● Exercise prompt
Line by line, give the data again exactly as it appears, but without pictures.

● Dataset section
-=-=-=-=-
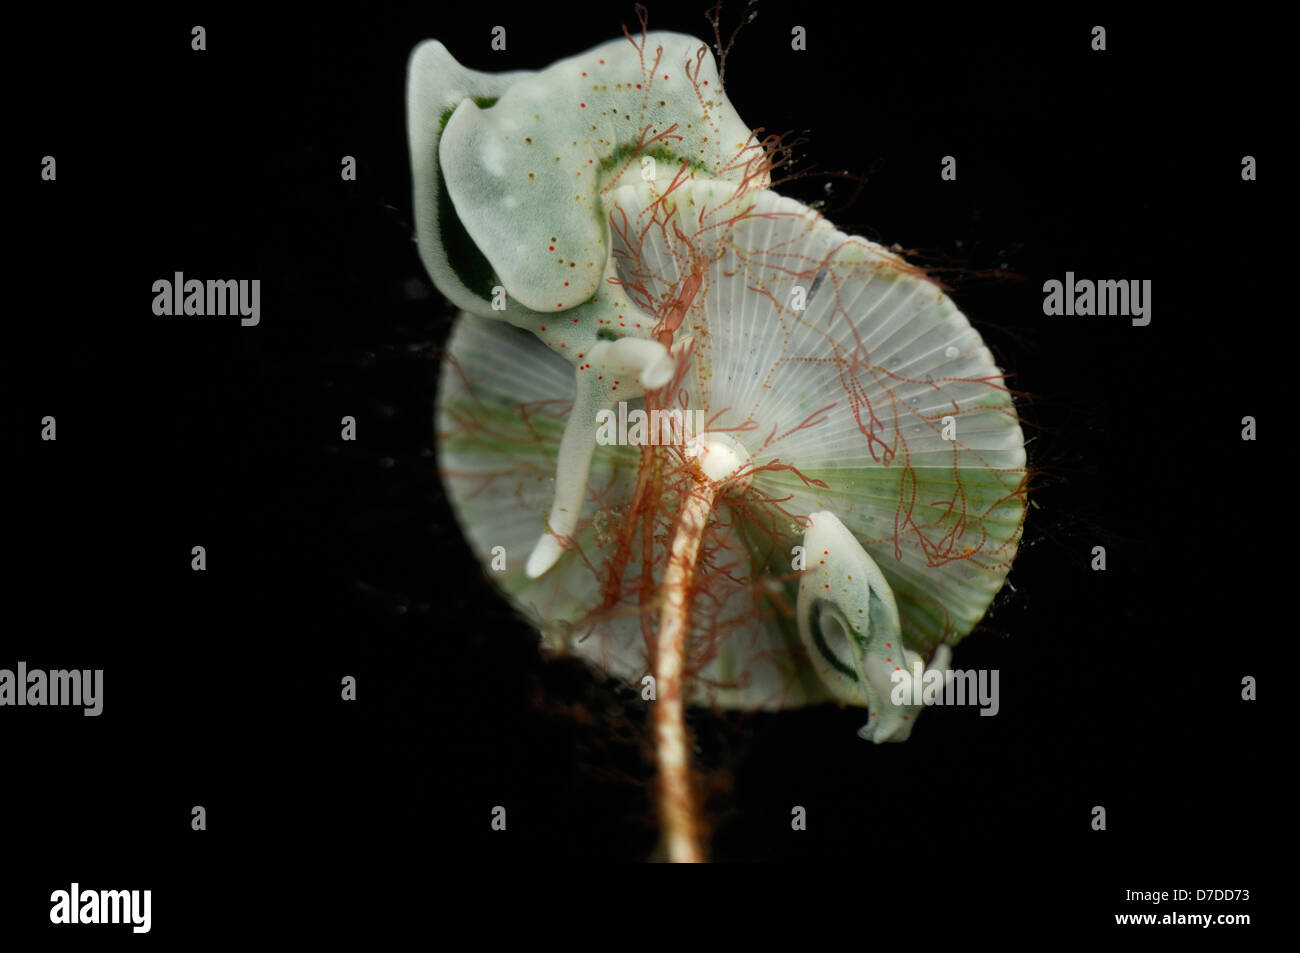 Sea Slug on its Foodplant Mermaids Wine Glass Alga, Elysia viridis, Susac, Adriatic Sea, Croatia Stock Photo
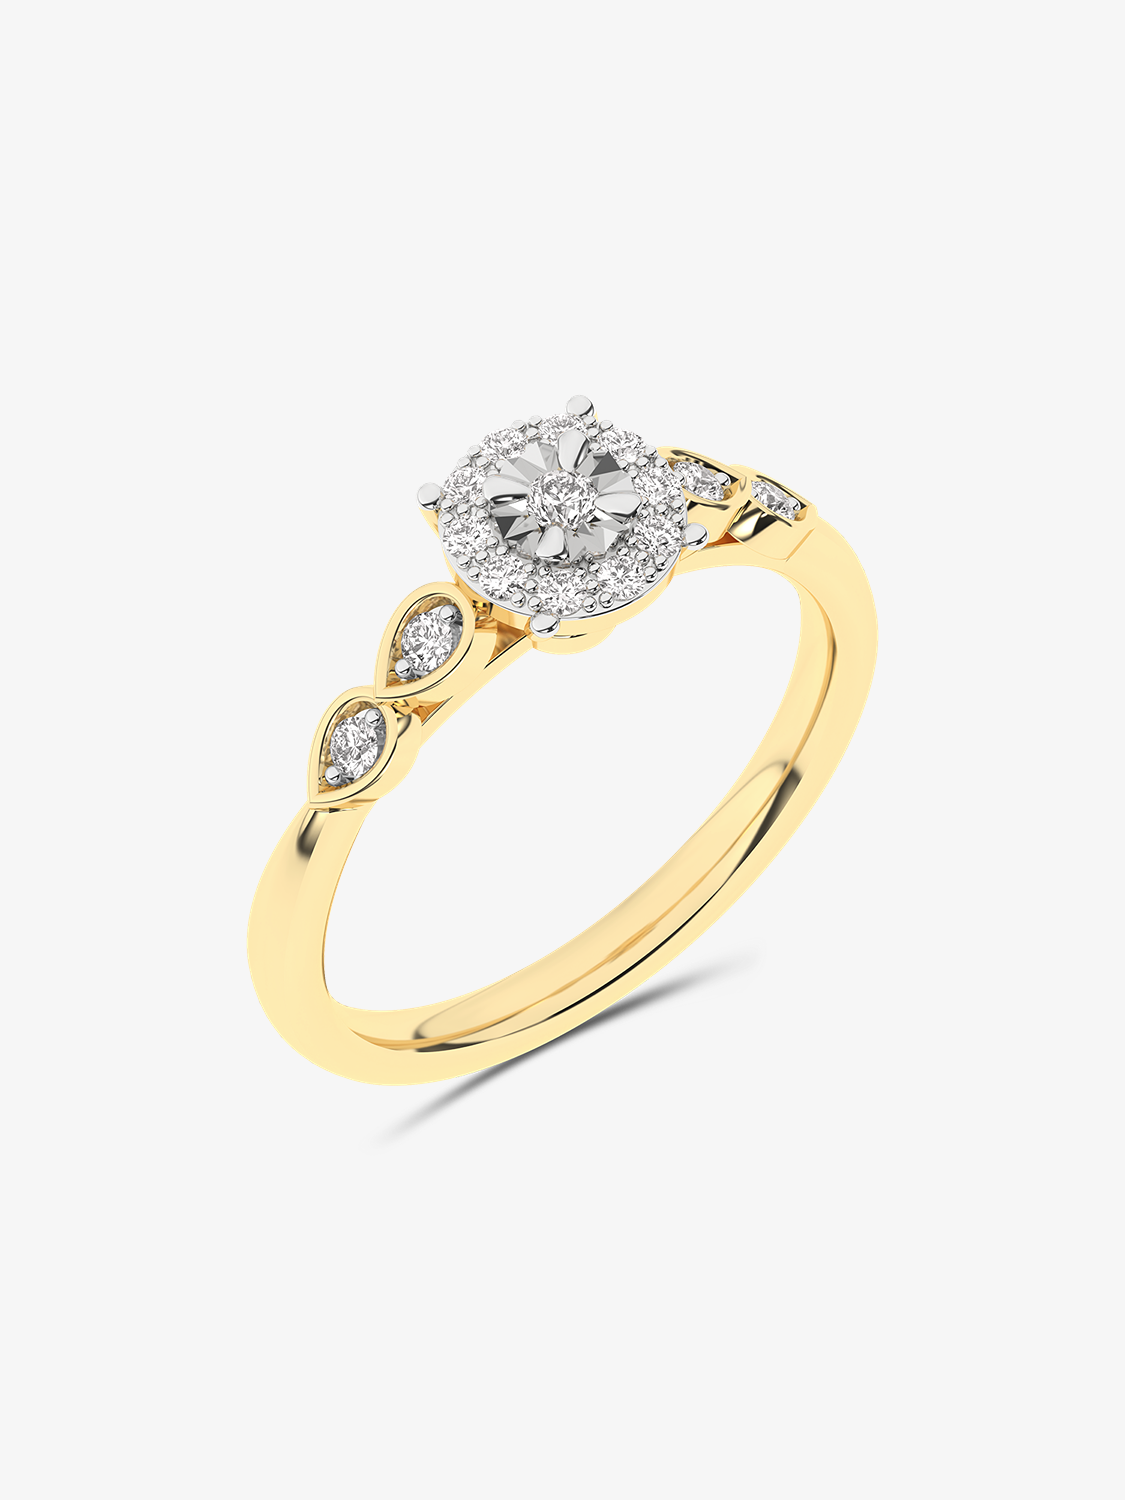 Złoty pierścionek z brylantami - Star żółty - Venetia Jewels - 14K złoto z brylantami
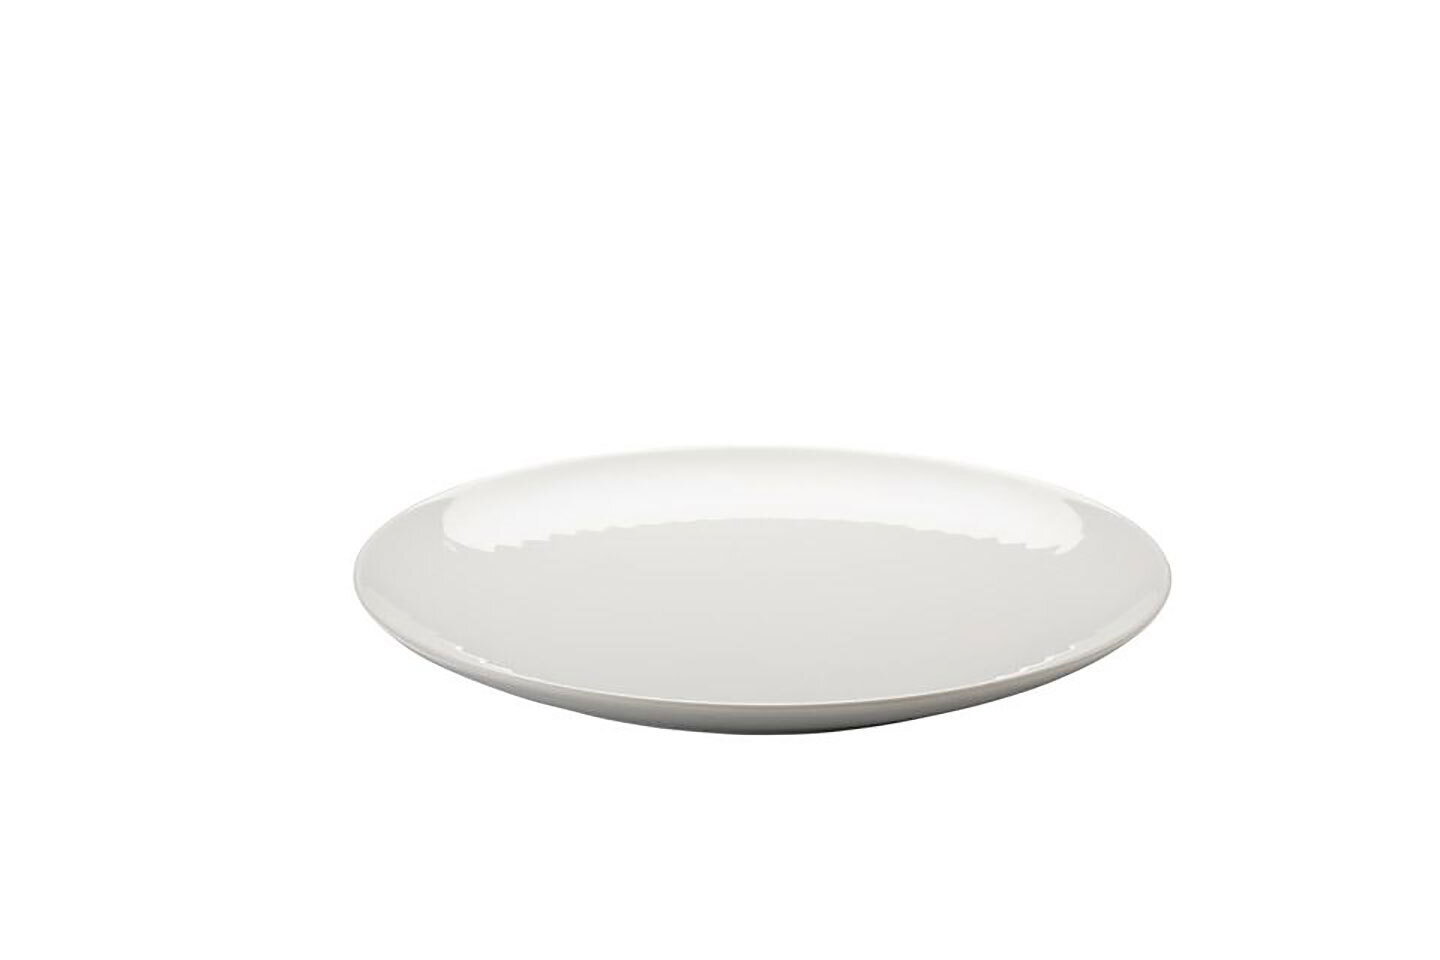 Arzberg Joyn White Dinner Plate 10 1/2 in
-=-=-=-=-
● Reply to the task
 Sea Slug on its Foodplant Mermaids Wine Glass Alga, Elysia viridis, Susac, Adriatic Sea, Croatia Stock Photo
 Złoty pierścionek z brylantami - Star żółty - Venetia Jewels - 14K złoto z brylantami
 Arzberg Joyn White Dinner Plate 10 1/2 in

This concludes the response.